Act of Contrition
It’s been almost five months since my last confession.
Forgive me Father for I have sinned… apparently we don’t actually have to say that, nor do we start with the Act of Contrition. I forget how to say the Act of Contrition, I inform him. The priest chuckles. “Everyone always wants to start with that,” he says. “But we don’t actually say it until the end.”
The church isn’t crowded, but in the quiet of Adoration every noise is amplified. I’m not sure what to do with my keys, and as I pick them up the sound seems to reverberate throughout the space. How funny. The simple act of tossing my keys, a noise which I almost never register, and here and now it is so loud. The woman on my right “Your keys are making so much noise.” Her child is behind me humming a song and clucking her tongue. I’m annoyed, but I’ve decided I like the woman. I’m not annoyed at her, but at the wait. It’s Thursday night confession. I don’t want to spend my whole evening here. I was here by 7:15. The priest has seen a grand total of three people since I got here, and a fourth is in the confessional right now, over an hour later. I can’t focus.

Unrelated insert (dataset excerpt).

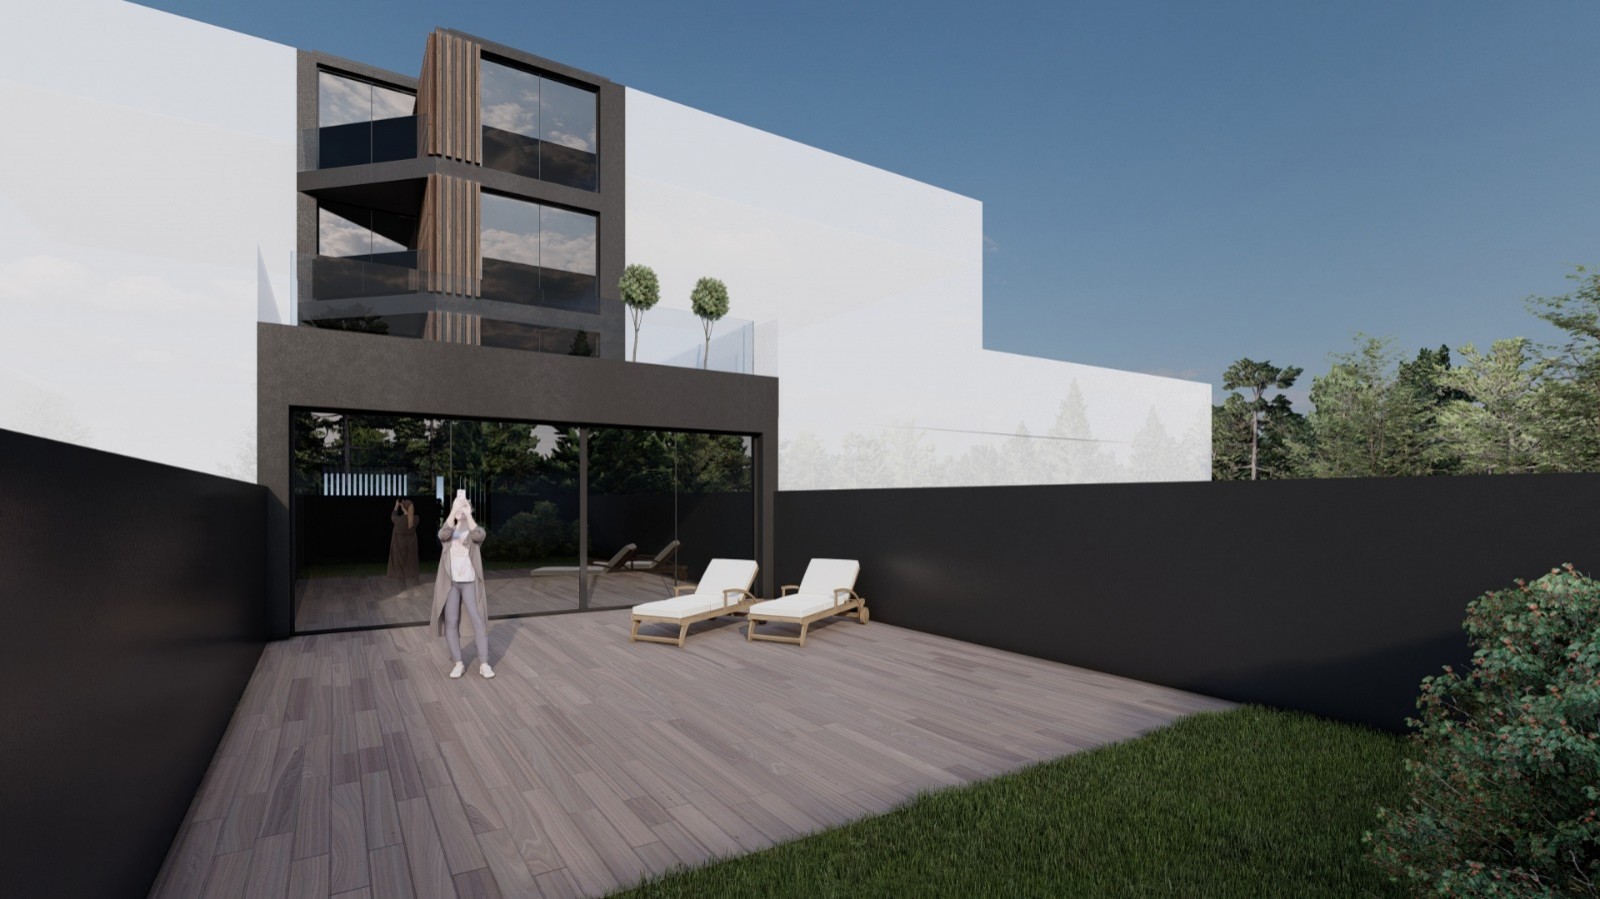 Venda: Prédio com projeto para 4 apartamentos T2, em Matosinhos_210236

The Eucharist is prominently displayed in front of me. I try my hand at prayer, “God, please envelop me in your love;” a prayer someone told me I should pray to move on. It goes from insincere lips to ever gracious ears. While the intent itself is true, I’m not into praying at this moment. I am focused on how I have to go to the bathroom. On the fact that I’ve had to wait for over an hour to confess two minutes worth of sins. What the heck did these other people do?
The woman on my left is texting. Her nails are long and blue and chipped. She’s texting someone named Daniel. Wearing a wedding ring. Probably her husband. The man behind me lets out an exasperated sigh at the length of time we have all had to wait. I feel you, man. The little girl making noise is actually quite beautiful, with big brown eyes. Dressed all in pink. Her sneakers are emblazoned with a character from some children’s TV show I don’t know. I sit here and ponder the child’s sneakers, whether or not these glittered purple shoes provide any real support. I imagine her running on the playground. Her mother is not wearing a wedding ring. Because the child is here with her and not at home I wonder if perhaps there is no father in the picture. What happened there? Was the child a “mistake” that she is now eternally grateful for? Is she widowed? If I have children and my husband dies will I one day cease to wear my ring?
She comments on a ring I am wearing, “Where did you get that?”
“It’s a gift from my mother,” I say.
“In my country we have lots of designs like that. I was wondering where it is from.”
“Where is your country?” I ask.
And now I am thinking about “my country,” about how that used to be something I could say. My Country. But I am in my country now. I am American. And presumably this woman is here to stay too. At what point does my country become this country, become our country? Or does it become home but never home?
The exasperated man behind me is young. He’s wearing a wedding ring, a solid band of silver. His hair is long, and his eyebrows slightly overgrown. Most of the people are Latin. There is some Spanish being spoken that I understand. I turn to him. “What time is it?”
“The priest is taking too long,” I say. For surely not all three people before us could have committed grave sins. I think the problem is that he must like to talk. When it is my turn I am going to tell him to hurry up.
And then the door on the other side opens up. Apparently another priest is here. I look around. Everyone else wants to go to the Spanish speaking priest. I hesitantly get up, only for my seat mate to nudge me on, “Go!”
The priest is young. I’m not used to confessing to someone who looks to be my age. It’s interesting. Not in a bad way. I feel like in another life in an alternate universe we could be friends. But I don’t think 33 year old priests typically hang out with 26 year old women.
“Well then why don’t we start,” he says.
“Right so,” I begin. I list the sins quickly. I once heard a joke about the difference between an Irish confession and an Italian confession. An Italian will confess the sins in great detail, making sure not one nuance is left out. The Irish will throw out one word that can encapsulate a multitude of sins. I give an Irish confession. And then I get to the part that is hard. “Someone hurt me,” I say, and my voice gives me away.
I’m having trouble with the Our Father, I tell the priest. I’m stumbling on, Forgive us our trespasses as we forgive those who trespass against us. I thought I had forgiven, but the hurt still isn’t gone.
We talk about how we first have to see ourselves as God sees us in order to see others that way. Vanity is something I will spend my life attempting to overcome.
The Priest, “Repeat after me.”
Oh my God
I am heartily sorry for having sinned.
In choosing to do wrong and failing to do good,
I have sinned against you whom I should love above all things.
I firmly intend, with your help, to do penance, to sin no more,
and to avoid the near occasion of sin.
And just like that I am washed anew. I used to think that confession would lead me to feel a lightening of spirit. I don’t actually feel much of anything. I notice my need for confession by it’s absence. By my willingness to suddenly gossip or make a snide remark, to judge someone.
I leave, glad to go home. I get in the door, “You’ll never believe how long confession took,” I announce. And I am reminded of how perfectly human I am.